[EXERCISE]: Output should begin at the line holding "Asymmetrical glass carafe" and end at the last line of the entries; print those lines verbatim and no others.

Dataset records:

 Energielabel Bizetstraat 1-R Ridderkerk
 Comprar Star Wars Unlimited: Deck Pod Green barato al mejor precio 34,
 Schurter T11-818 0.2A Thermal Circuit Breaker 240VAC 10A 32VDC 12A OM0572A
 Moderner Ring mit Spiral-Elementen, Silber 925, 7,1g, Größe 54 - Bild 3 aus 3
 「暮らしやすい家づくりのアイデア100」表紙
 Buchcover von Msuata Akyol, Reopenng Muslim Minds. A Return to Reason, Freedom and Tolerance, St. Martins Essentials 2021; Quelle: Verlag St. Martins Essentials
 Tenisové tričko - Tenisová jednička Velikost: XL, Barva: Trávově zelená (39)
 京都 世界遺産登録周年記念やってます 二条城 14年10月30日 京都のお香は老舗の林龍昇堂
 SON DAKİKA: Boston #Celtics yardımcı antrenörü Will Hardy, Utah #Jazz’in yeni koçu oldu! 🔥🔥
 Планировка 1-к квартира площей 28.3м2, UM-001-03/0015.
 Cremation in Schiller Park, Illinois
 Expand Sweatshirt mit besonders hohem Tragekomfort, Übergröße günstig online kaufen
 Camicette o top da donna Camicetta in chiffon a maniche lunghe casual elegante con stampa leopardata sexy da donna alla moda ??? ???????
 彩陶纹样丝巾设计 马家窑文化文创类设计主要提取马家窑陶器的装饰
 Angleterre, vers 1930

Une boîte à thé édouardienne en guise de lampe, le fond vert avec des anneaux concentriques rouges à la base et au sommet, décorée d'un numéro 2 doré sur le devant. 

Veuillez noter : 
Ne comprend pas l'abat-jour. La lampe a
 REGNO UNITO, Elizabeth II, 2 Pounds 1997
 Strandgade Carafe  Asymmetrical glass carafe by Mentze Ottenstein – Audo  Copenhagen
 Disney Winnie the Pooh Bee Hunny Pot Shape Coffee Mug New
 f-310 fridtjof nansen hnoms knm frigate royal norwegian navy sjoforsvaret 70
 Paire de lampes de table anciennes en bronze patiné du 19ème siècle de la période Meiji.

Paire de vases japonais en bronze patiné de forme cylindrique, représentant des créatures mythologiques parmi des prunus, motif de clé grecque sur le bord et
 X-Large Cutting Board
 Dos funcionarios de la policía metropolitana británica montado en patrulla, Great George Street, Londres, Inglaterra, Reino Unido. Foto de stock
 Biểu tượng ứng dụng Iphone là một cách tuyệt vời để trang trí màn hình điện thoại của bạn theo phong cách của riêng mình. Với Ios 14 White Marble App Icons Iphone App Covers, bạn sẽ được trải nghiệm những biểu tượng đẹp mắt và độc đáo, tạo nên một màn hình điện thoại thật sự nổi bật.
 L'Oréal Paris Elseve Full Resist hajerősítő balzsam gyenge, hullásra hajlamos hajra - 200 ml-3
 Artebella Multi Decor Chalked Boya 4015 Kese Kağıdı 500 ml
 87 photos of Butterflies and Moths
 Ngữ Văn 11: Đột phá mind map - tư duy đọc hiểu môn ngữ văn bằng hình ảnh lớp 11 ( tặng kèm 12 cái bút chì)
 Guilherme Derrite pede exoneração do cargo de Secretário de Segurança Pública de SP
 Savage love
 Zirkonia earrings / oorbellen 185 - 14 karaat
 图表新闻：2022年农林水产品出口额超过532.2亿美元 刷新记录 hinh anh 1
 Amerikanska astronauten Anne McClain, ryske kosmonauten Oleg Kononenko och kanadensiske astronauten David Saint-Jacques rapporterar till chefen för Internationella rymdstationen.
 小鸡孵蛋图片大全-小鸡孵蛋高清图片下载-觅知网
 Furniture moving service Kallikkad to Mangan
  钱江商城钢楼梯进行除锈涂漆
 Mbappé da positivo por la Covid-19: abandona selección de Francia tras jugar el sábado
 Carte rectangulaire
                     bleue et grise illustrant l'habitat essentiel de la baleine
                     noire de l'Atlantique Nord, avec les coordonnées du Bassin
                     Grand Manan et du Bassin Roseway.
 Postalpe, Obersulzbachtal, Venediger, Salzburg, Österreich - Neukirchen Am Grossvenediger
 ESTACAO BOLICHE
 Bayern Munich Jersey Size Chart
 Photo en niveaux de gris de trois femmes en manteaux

[OUTPUT OF THE TASK]:
 Strandgade Carafe  Asymmetrical glass carafe by Mentze Ottenstein – Audo  Copenhagen
 Disney Winnie the Pooh Bee Hunny Pot Shape Coffee Mug New
 f-310 fridtjof nansen hnoms knm frigate royal norwegian navy sjoforsvaret 70
 Paire de lampes de table anciennes en bronze patiné du 19ème siècle de la période Meiji.

Paire de vases japonais en bronze patiné de forme cylindrique, représentant des créatures mythologiques parmi des prunus, motif de clé grecque sur le bord et
 X-Large Cutting Board
 Dos funcionarios de la policía metropolitana británica montado en patrulla, Great George Street, Londres, Inglaterra, Reino Unido. Foto de stock
 Biểu tượng ứng dụng Iphone là một cách tuyệt vời để trang trí màn hình điện thoại của bạn theo phong cách của riêng mình. Với Ios 14 White Marble App Icons Iphone App Covers, bạn sẽ được trải nghiệm những biểu tượng đẹp mắt và độc đáo, tạo nên một màn hình điện thoại thật sự nổi bật.
 L'Oréal Paris Elseve Full Resist hajerősítő balzsam gyenge, hullásra hajlamos hajra - 200 ml-3
 Artebella Multi Decor Chalked Boya 4015 Kese Kağıdı 500 ml
 87 photos of Butterflies and Moths
 Ngữ Văn 11: Đột phá mind map - tư duy đọc hiểu môn ngữ văn bằng hình ảnh lớp 11 ( tặng kèm 12 cái bút chì)
 Guilherme Derrite pede exoneração do cargo de Secretário de Segurança Pública de SP
 Savage love
 Zirkonia earrings / oorbellen 185 - 14 karaat
 图表新闻：2022年农林水产品出口额超过532.2亿美元 刷新记录 hinh anh 1
 Amerikanska astronauten Anne McClain, ryske kosmonauten Oleg Kononenko och kanadensiske astronauten David Saint-Jacques rapporterar till chefen för Internationella rymdstationen.
 小鸡孵蛋图片大全-小鸡孵蛋高清图片下载-觅知网
 Furniture moving service Kallikkad to Mangan
  钱江商城钢楼梯进行除锈涂漆
 Mbappé da positivo por la Covid-19: abandona selección de Francia tras jugar el sábado
 Carte rectangulaire
                     bleue et grise illustrant l'habitat essentiel de la baleine
                     noire de l'Atlantique Nord, avec les coordonnées du Bassin
                     Grand Manan et du Bassin Roseway.
 Postalpe, Obersulzbachtal, Venediger, Salzburg, Österreich - Neukirchen Am Grossvenediger
 ESTACAO BOLICHE
 Bayern Munich Jersey Size Chart
 Photo en niveaux de gris de trois femmes en manteaux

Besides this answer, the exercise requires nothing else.